Items listed in a dataset:
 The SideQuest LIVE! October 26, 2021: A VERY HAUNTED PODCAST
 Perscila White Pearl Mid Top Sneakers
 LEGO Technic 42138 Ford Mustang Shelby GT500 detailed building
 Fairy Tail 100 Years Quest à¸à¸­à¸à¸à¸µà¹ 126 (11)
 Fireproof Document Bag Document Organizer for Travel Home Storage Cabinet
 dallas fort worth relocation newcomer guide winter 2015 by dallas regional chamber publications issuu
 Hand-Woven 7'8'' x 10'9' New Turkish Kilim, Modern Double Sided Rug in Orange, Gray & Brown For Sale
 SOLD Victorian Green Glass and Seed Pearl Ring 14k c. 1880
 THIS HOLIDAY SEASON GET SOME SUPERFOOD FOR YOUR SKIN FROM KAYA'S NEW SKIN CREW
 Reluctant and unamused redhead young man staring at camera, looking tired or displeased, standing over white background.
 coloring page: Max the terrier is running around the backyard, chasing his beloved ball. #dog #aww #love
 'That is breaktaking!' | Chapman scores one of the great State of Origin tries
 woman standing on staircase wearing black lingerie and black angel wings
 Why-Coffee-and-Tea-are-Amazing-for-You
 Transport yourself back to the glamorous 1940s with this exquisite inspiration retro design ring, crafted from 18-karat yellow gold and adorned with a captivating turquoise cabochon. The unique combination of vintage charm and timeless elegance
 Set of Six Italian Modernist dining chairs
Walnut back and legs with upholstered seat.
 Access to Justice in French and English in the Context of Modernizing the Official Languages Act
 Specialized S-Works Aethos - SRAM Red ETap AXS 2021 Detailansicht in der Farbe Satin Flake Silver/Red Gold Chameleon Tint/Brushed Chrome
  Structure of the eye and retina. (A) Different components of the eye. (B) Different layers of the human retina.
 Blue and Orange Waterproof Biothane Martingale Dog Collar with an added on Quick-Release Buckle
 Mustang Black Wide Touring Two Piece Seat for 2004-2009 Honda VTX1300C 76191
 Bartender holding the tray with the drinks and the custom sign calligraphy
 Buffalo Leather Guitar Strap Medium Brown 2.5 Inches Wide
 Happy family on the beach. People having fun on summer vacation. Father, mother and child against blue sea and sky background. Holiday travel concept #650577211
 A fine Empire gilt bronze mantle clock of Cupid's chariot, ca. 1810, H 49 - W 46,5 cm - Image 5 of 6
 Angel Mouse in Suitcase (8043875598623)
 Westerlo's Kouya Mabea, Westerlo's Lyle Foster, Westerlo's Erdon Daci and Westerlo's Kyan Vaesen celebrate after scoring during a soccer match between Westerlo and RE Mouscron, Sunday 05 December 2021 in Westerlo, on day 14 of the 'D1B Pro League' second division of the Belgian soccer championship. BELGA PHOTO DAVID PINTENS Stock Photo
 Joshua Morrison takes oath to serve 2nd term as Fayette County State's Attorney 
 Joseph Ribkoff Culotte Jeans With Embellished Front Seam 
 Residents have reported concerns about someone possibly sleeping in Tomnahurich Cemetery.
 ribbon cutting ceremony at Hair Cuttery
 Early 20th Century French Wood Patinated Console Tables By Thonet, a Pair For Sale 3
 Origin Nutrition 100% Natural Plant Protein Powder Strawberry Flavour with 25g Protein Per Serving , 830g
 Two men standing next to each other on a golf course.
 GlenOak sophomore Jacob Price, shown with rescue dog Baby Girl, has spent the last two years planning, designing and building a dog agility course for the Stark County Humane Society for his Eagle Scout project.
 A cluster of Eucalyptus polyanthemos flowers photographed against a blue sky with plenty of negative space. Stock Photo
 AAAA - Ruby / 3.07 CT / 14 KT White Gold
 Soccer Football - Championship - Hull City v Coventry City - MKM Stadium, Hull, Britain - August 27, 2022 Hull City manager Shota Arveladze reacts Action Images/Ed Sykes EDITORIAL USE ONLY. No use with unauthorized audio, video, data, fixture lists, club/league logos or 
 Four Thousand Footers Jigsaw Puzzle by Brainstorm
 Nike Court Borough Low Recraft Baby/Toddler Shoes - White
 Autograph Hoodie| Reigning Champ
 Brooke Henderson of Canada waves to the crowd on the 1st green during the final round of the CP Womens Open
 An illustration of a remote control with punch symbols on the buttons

## PROBLEM REQUIREMENTS
Restate the data verbatim through the "Why-Coffee-and-Tea-are-Amazing-for-You" line.

## RESPONSE BELOW
 The SideQuest LIVE! October 26, 2021: A VERY HAUNTED PODCAST
 Perscila White Pearl Mid Top Sneakers
 LEGO Technic 42138 Ford Mustang Shelby GT500 detailed building
 Fairy Tail 100 Years Quest à¸à¸­à¸à¸à¸µà¹ 126 (11)
 Fireproof Document Bag Document Organizer for Travel Home Storage Cabinet
 dallas fort worth relocation newcomer guide winter 2015 by dallas regional chamber publications issuu
 Hand-Woven 7'8'' x 10'9' New Turkish Kilim, Modern Double Sided Rug in Orange, Gray & Brown For Sale
 SOLD Victorian Green Glass and Seed Pearl Ring 14k c. 1880
 THIS HOLIDAY SEASON GET SOME SUPERFOOD FOR YOUR SKIN FROM KAYA'S NEW SKIN CREW
 Reluctant and unamused redhead young man staring at camera, looking tired or displeased, standing over white background.
 coloring page: Max the terrier is running around the backyard, chasing his beloved ball. #dog #aww #love
 'That is breaktaking!' | Chapman scores one of the great State of Origin tries
 woman standing on staircase wearing black lingerie and black angel wings
 Why-Coffee-and-Tea-are-Amazing-for-You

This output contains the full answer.